質問を受ける側も、質問を想定して準備していないから、答えられないことが多い。
それがさらに「質問はしない方がいい」という悪循環を生みます。
結果として、組織内の知識共有も議論も深まらず、外部環境の変化についていけなくなる。
この構造が、今の日本企業の弱さにつながっています。

対話会参加後に感じたこと

この対話会にコーチとして参加し、改めて私は府落ちしました。
「指摘しない」、「質問しない」、「対話しない」をよしとする社会に対して、「それではだめだ」と言い続けているのが横塚さんであり、西野さんであり、DBICなのだと。
そして、その原動力は常に問いを立てて行動し続けることなのだと。

UNLOCK QUESTでは、正しい問いを立てるための方法論、HOWとして、

  • 「気づく力」メタ認知能力
  • 「社会を見る力」リベラルアーツ、プラクティカルマネジメント
  • 「システムを俯瞰する力」システムシンキング

を伝えています。
QUESTに参加される方には、これらの方法論HOWを学ぶのみならず、横塚さん西野さんの姿勢・在り方を間近で見て、盗みとっていただけたら幸いです。

研修の成果は、スキル獲得や満足度で測られがちです。
しかし、表層的な研修では変化は生み出せません。上記のような問題にアプローチできませんし、問い自体を立てることができません。
DBICは、「それらとは違う」という意志を込め、QUESTと銘打っています。
本質的な変革へ向かおうとする皆さまの、QUESTへのご参加をお待ちしています。

まとめ

最後に、横塚さんの言葉を紹介し、このレポートを閉じたいと思います。

変革は小さな一歩から社会を変えるのは、一度に大きなことをする人ではなく、小さな行動を積み重ねる人です。
「バタフライ効果」のように、小さな羽ばたきがやがて大きな変化を生む──この姿勢が重要です。

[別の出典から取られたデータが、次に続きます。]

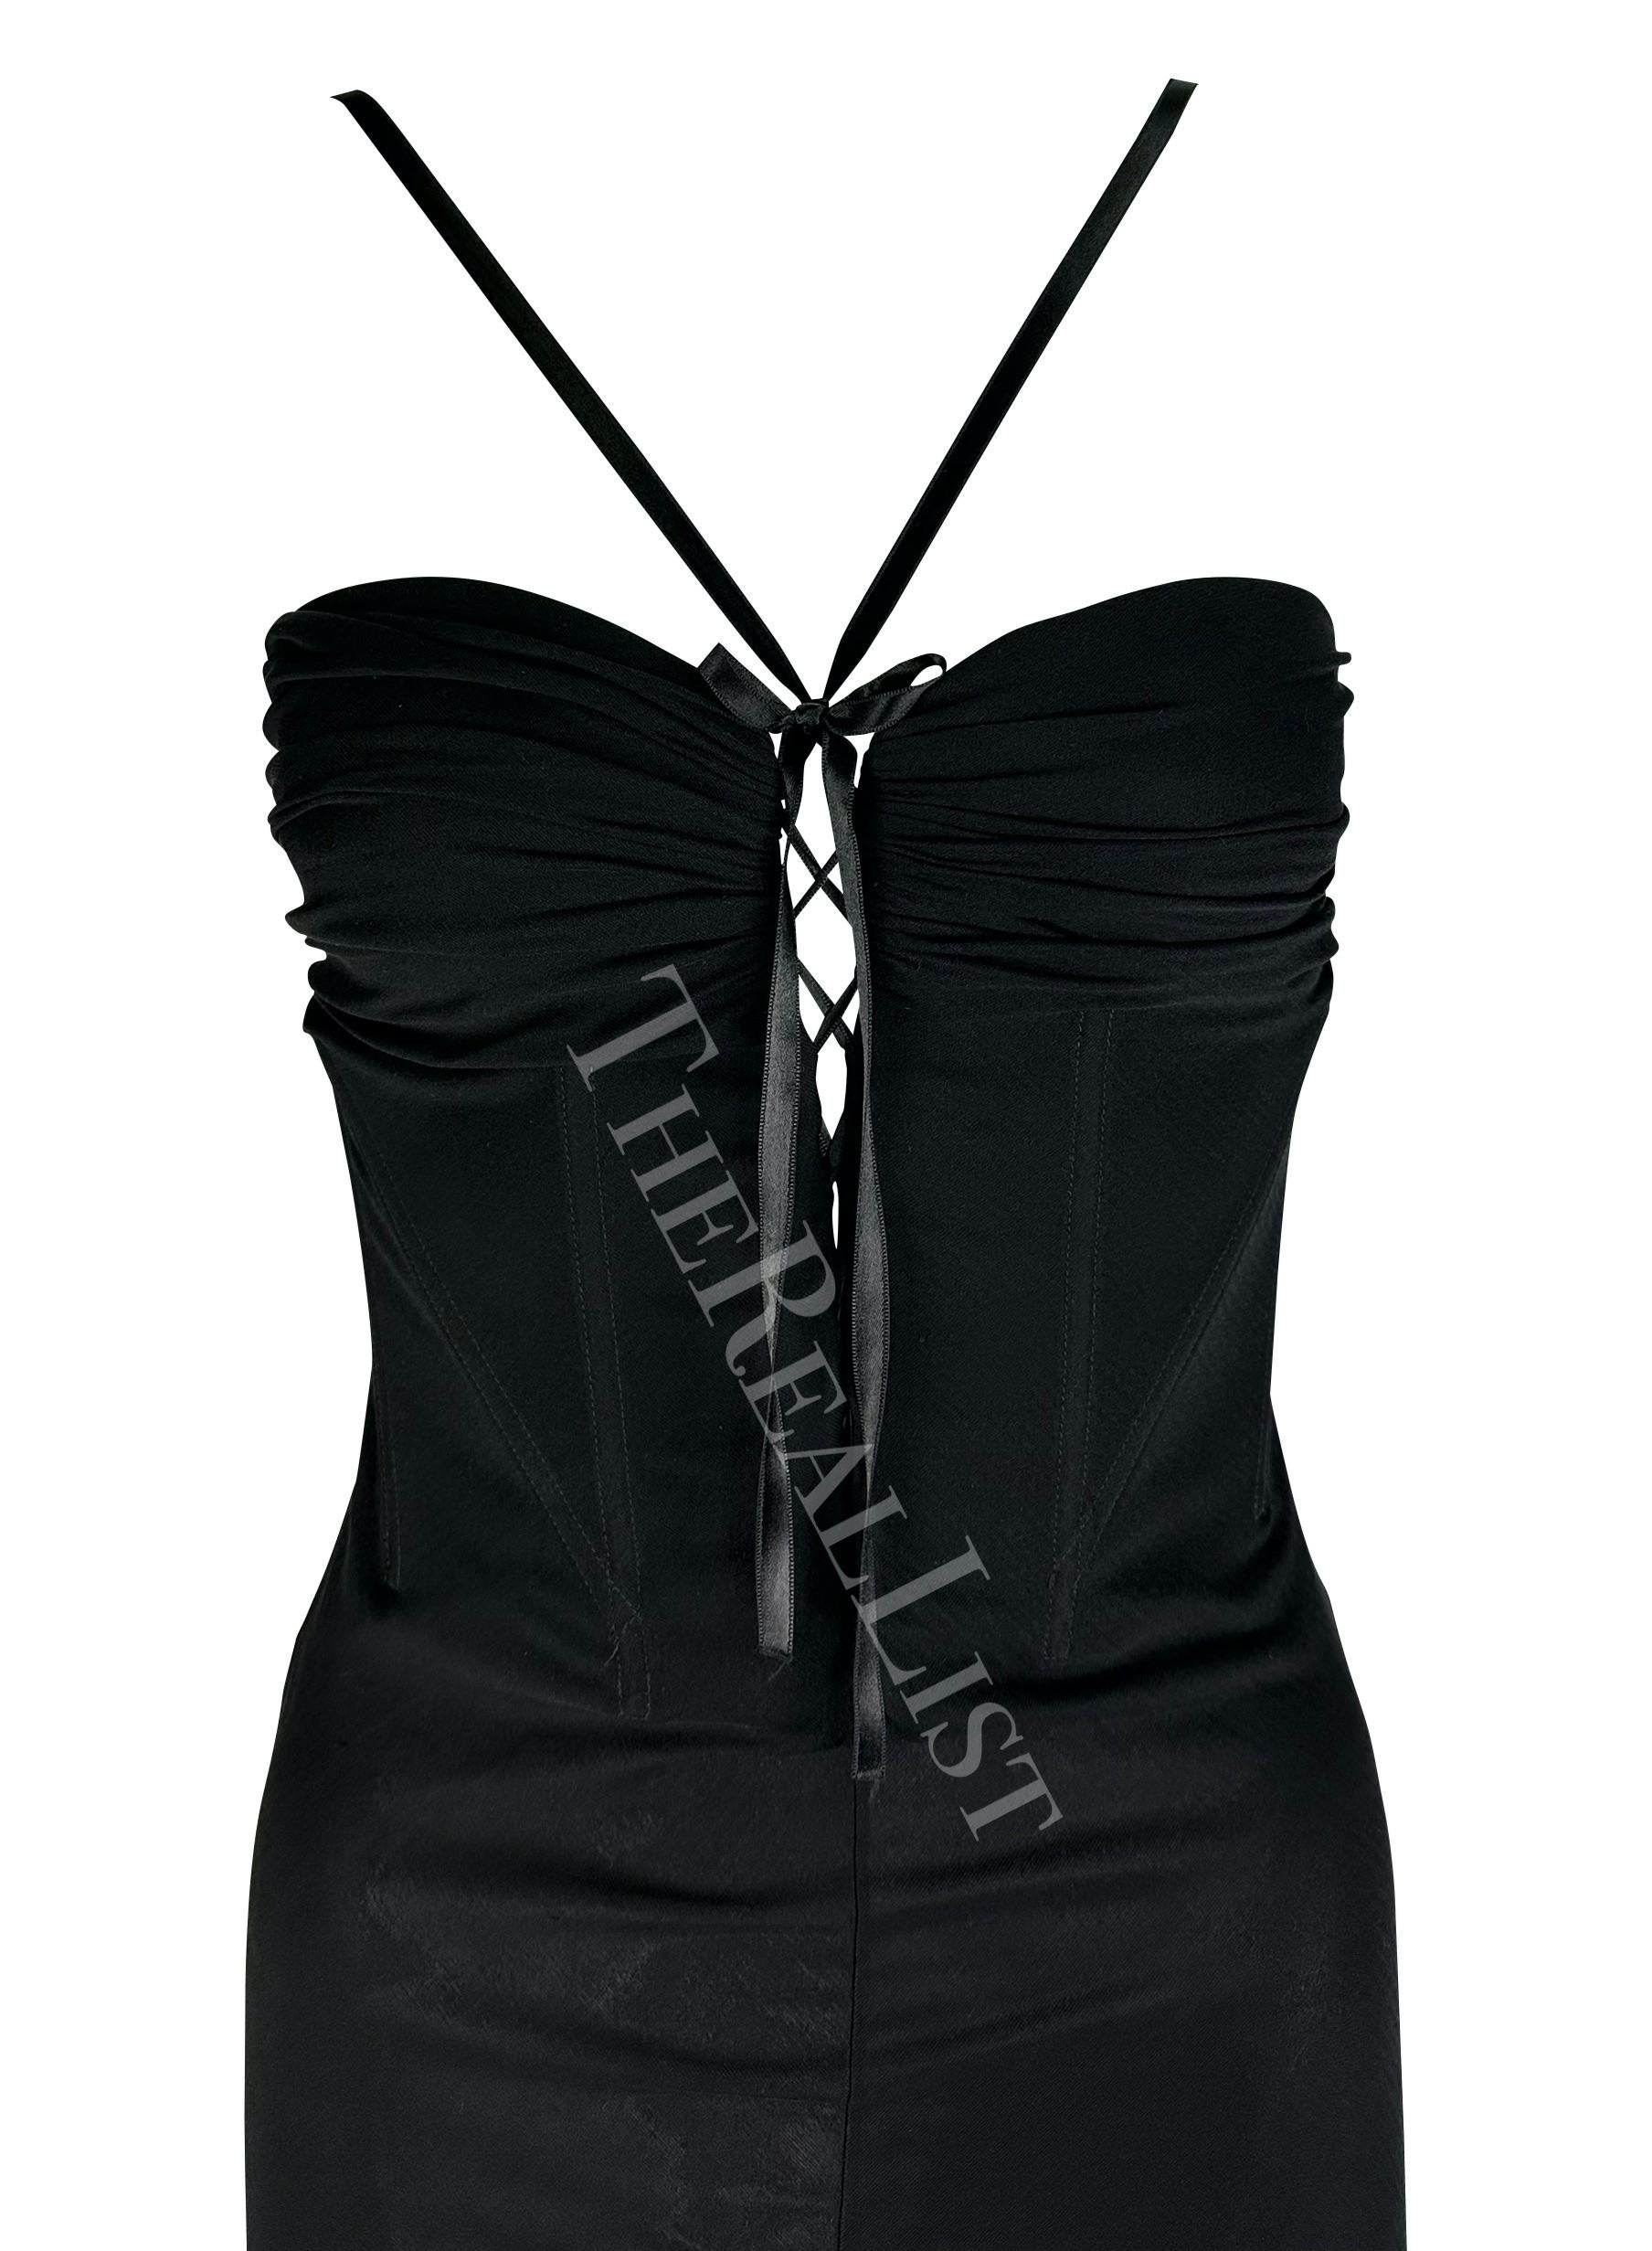 Ich präsentiere ein wunderschönes schwarzes Kleid von Emanuel Ungaro. Dieses halbtransparente Kleid aus den frühen 2000er Jahren ist perfekt feminin und sexy. Das Kleid hat einen tiefen Ausschnitt, eine Schnürung zwischen den Brüsten, ein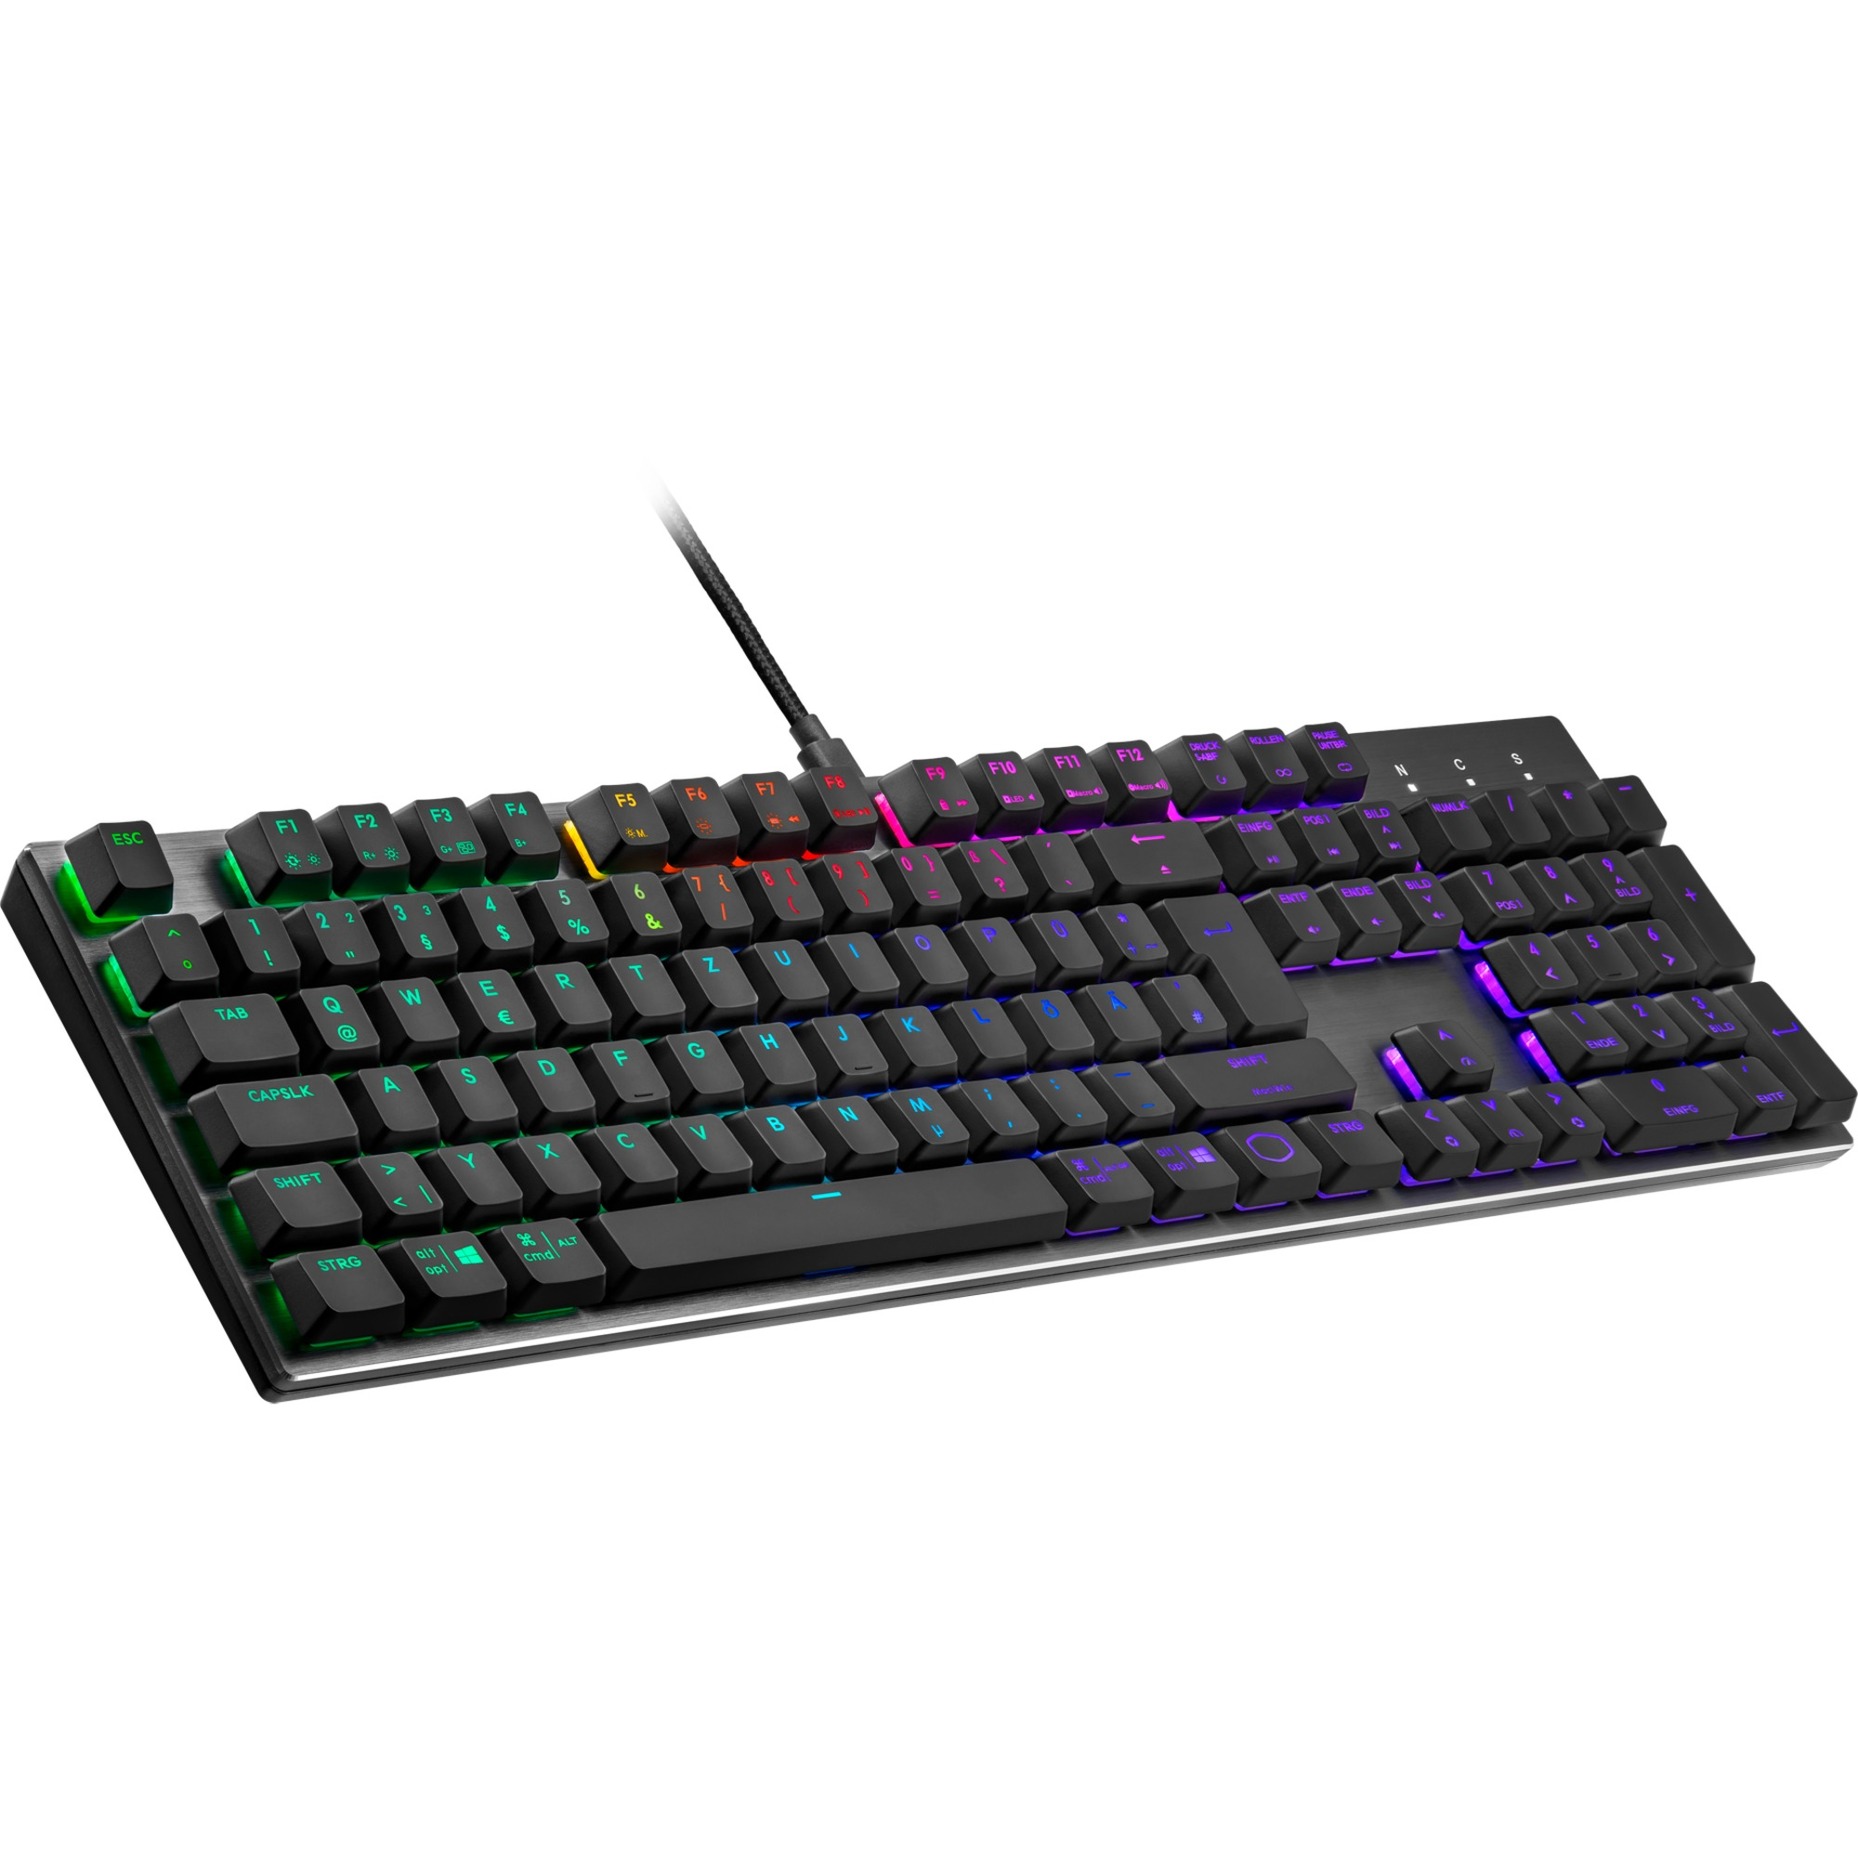 Image of Alternate - SK652, Gaming-Tastatur online einkaufen bei Alternate

吉本隆明は、著書「共同幻想論」の中で、古い共同幻想を覆すには、新しい共同幻想を作る必要があると言います。
日本を変えるためには、「このままではまずい」という共通認識=新しい共同幻想を広める必要があると思います。
現状維持バイアスを壊し、国際標準を理解し、自らルールを作る側に回る人を増やすこと。
それが、未来の競争力につながります。